I am indeed using itertools to use the chunks iterator adaptor (which requires another into_iter to iterate over). You can also use std::slice::chunks which you’re using for string.as_bytes().chunks(n)

It won’t be as fast as operating on raw bytes or returning &strs, but it’s another option that reads easy and works as expected (chunking chars).

Yet another version using std::slice::chunks instead of itertools’ chunks adapter (this has to pull the chars into a temp Vec):

let chars: Vec<char> = s.chars().collect();
let split = &chars.chunks(2)
    .map(|chunk| chunk.iter().collect::<String>())
    .collect::<Vec<_>>();
println!("{:?}", split);

#14

One could of course implement str-specific versions of chunking as well.

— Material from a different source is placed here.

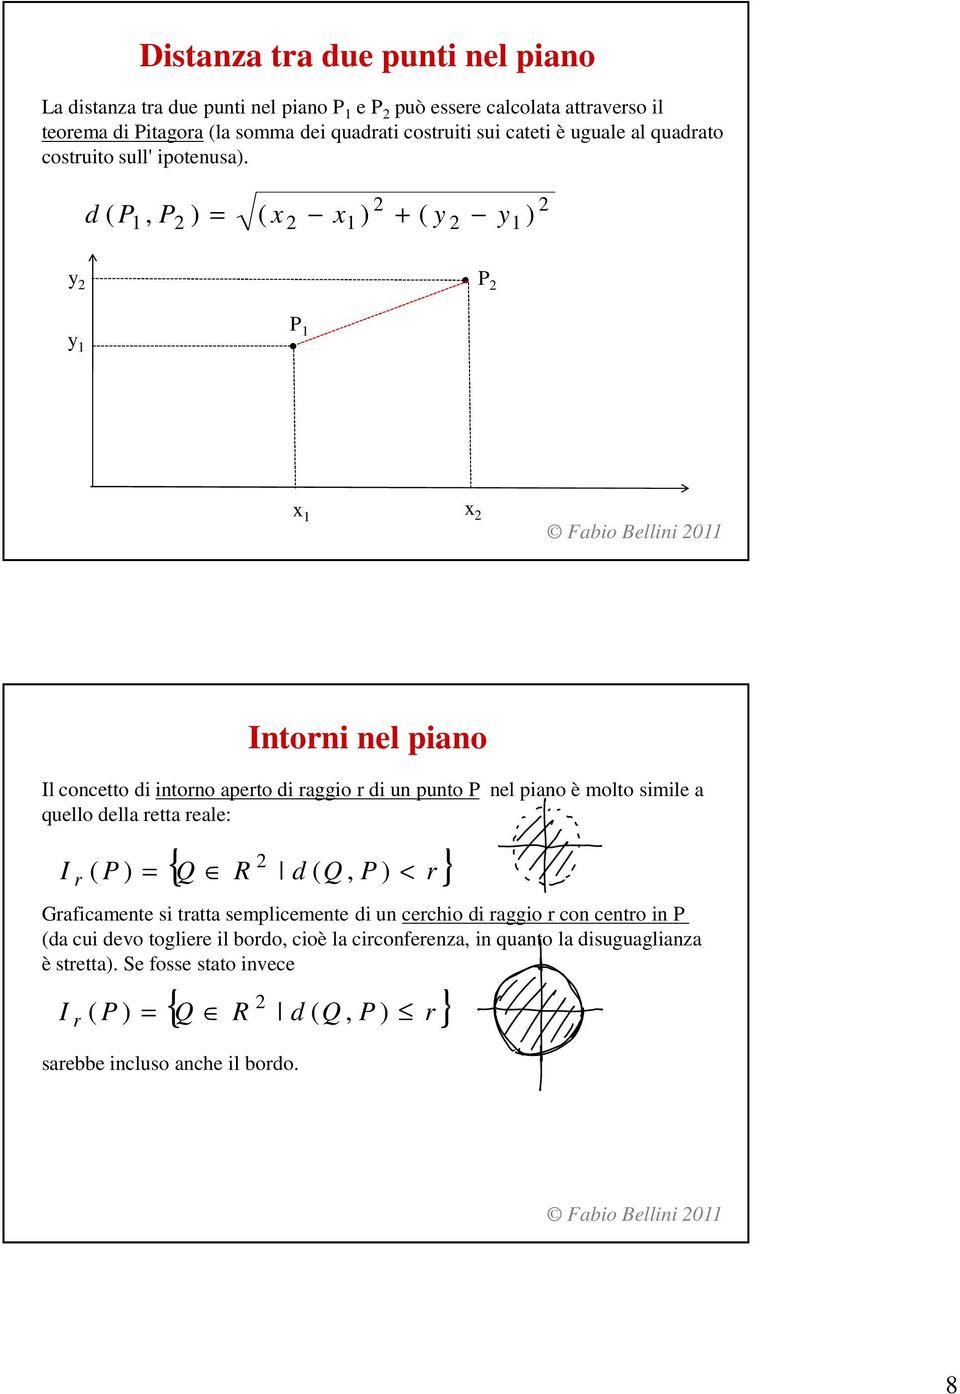 1, P ) ( 1 ) + ( 1 ) d ( P P 1 P 1 1 Intorni nel piano Il concetto di intorno aperto di raggio r di un punto P nel piano è molto simile a quello della retta reale: { Q

https://docs.rs/odds/0.2.25/odds/string/trait.StrChunksWindows.html

(usual character discussion).


#15

By which I expect you mean the confusion over what’s even a “character” in Unicode – char being a single code point vs. a visual grapheme that may consist of many chars. So even proper char chunks may end up splitting a combining character from the one it’s modifying.


#16

Yes! (That’s why it’s named char_chunks, which makes it very upfront about that.) Grapheme chunks comes next, I guess?

It looks like a neat &str into &strs splitter would be needed, something that keeps a take-while-like state.